Simultaneous optimal network reconfiguration and power compensators allocation with electric vehicle charging station integration using hybrid optimization approach

This paper introduces a hybrid optimization approach, the Hybrid of African Vulture Optimizer with Genetic Operators (HAVOGO), designed to address the intricate challenges of optimal design in large distribution systems. The HAVOGO algorithm combines the robustness of the African vulture optimizer with the adaptability of genetic operators, resulting in superior optimization performance. The algorithm focuses on the simultaneous sizing and locating of distributed generation and distribution static compensator, alongside network reconfiguration, to efficiently incorporate electric vehicle charging stations into existing power distribution networks.

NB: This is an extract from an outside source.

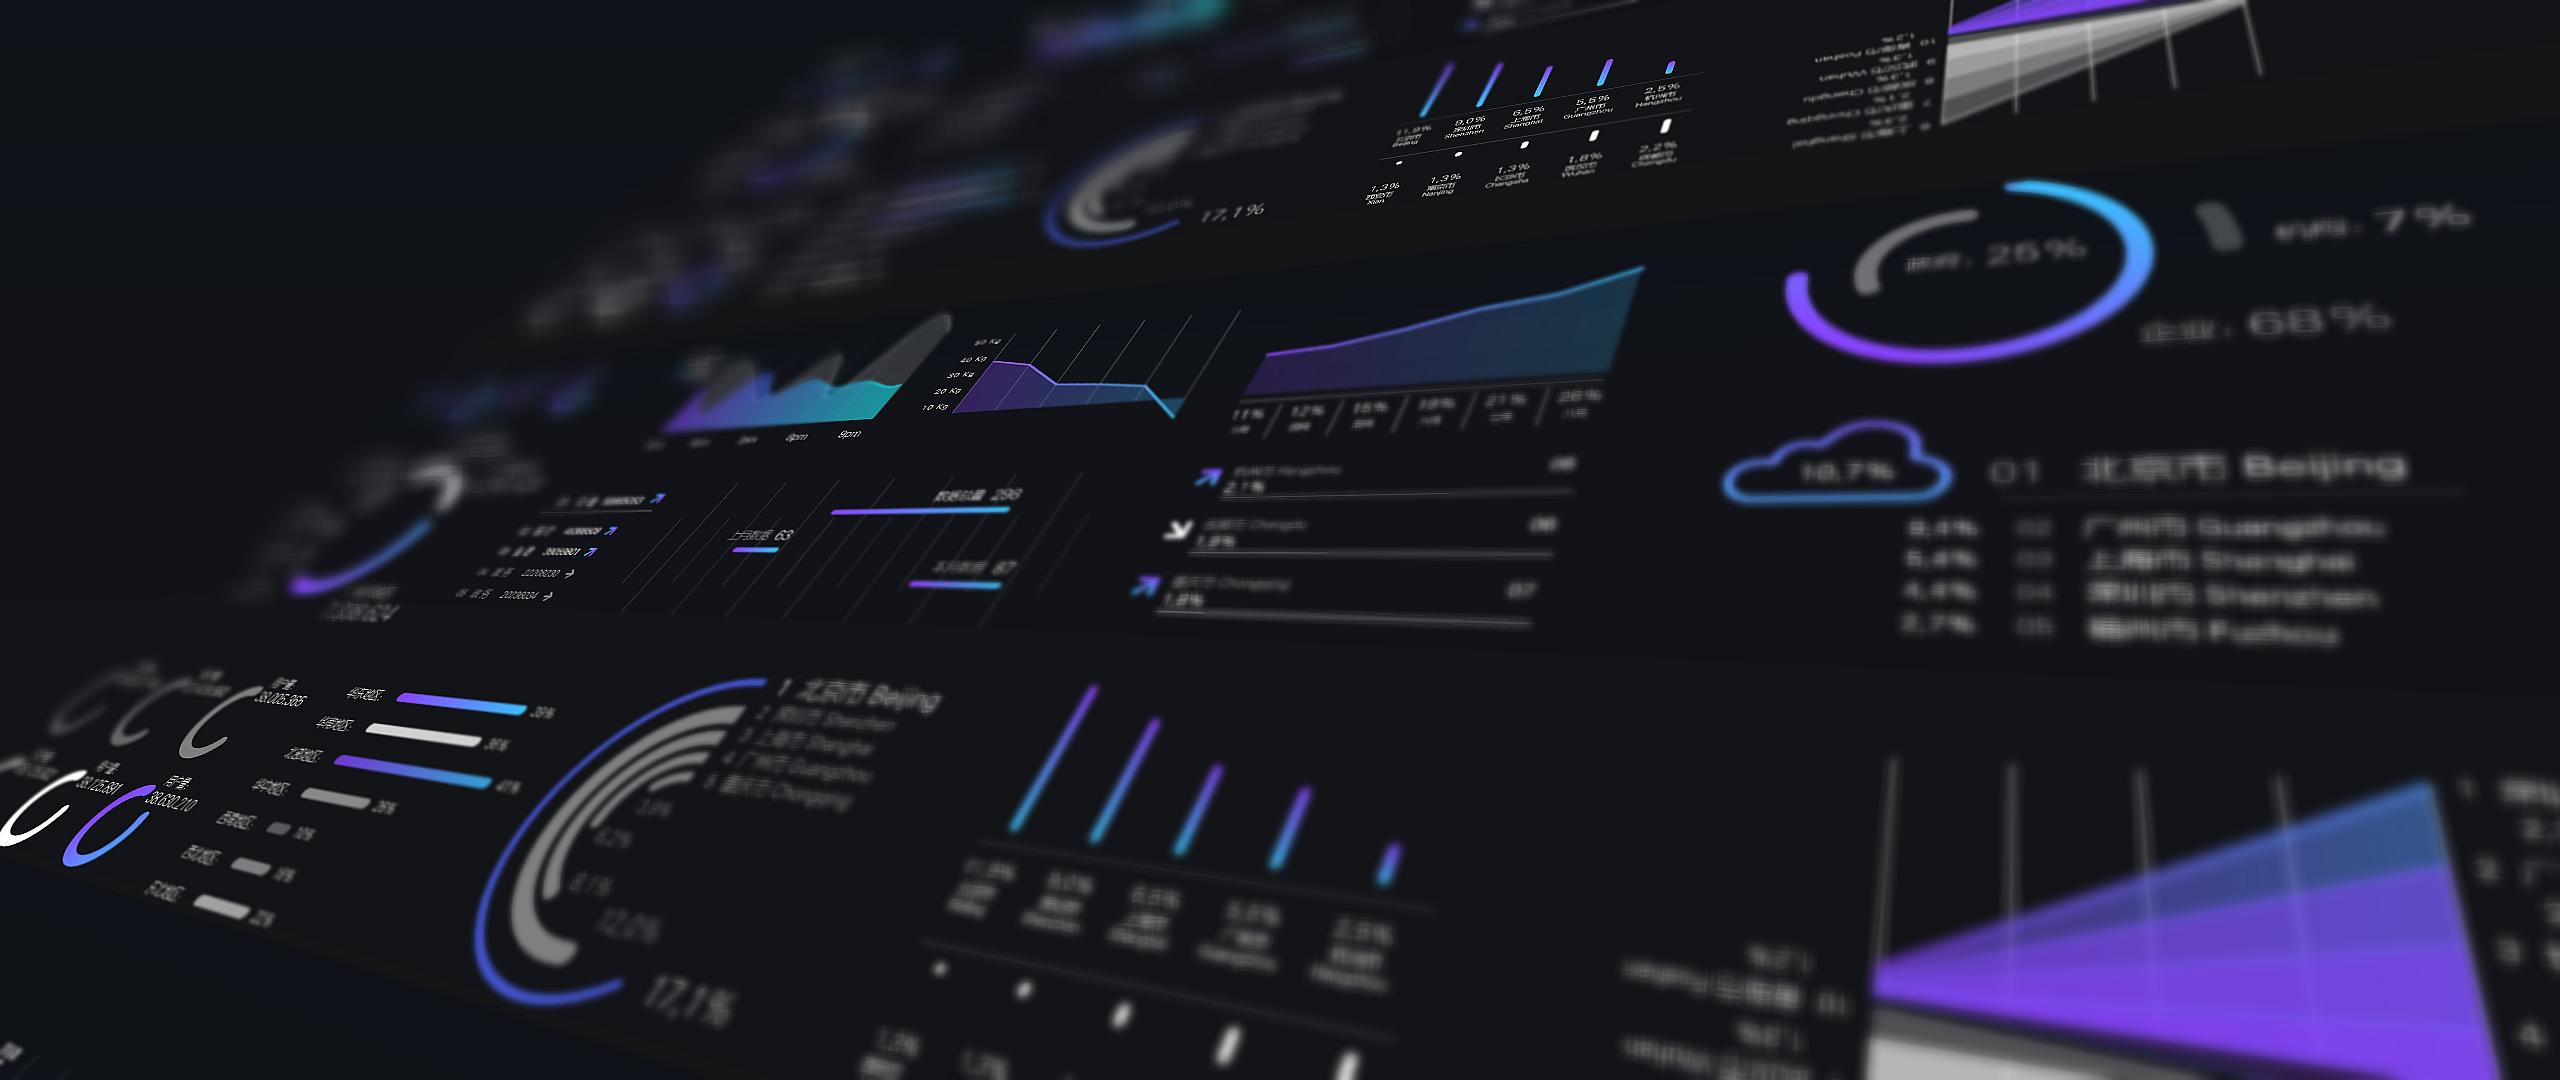 """国际资讯_""""连接中国""""数据信息可视化UI设计 - 视觉同盟(VisionUnion.com)"""

A multi-objective optimization framework is utilized to allocate power compensating devices and optimize network reconfiguration, considering both technical and economic factors. The effectiveness of the HAVOGO algorithm is demonstrated through its application to 118-bus and 415-bus large distribution networks. Additionally, the results obtained from the HAVOGO algorithm are compared with those from other optimization algorithms and existing research in the field. Numerical results show significant improvements in performance metrics for both network sizes: for the 118-bus system, there is a reduction in active power loss by 84.72%, a decrease in voltage deviation by 76.22%, and an increase in voltage stability margin by 62.99%. Similarly, for the 415-bus system, the algorithm achieves a reduction in active power loss by 75.78%, a decrease in voltage deviation by 65.54%, and an increase in voltage stability margin by 26.06%.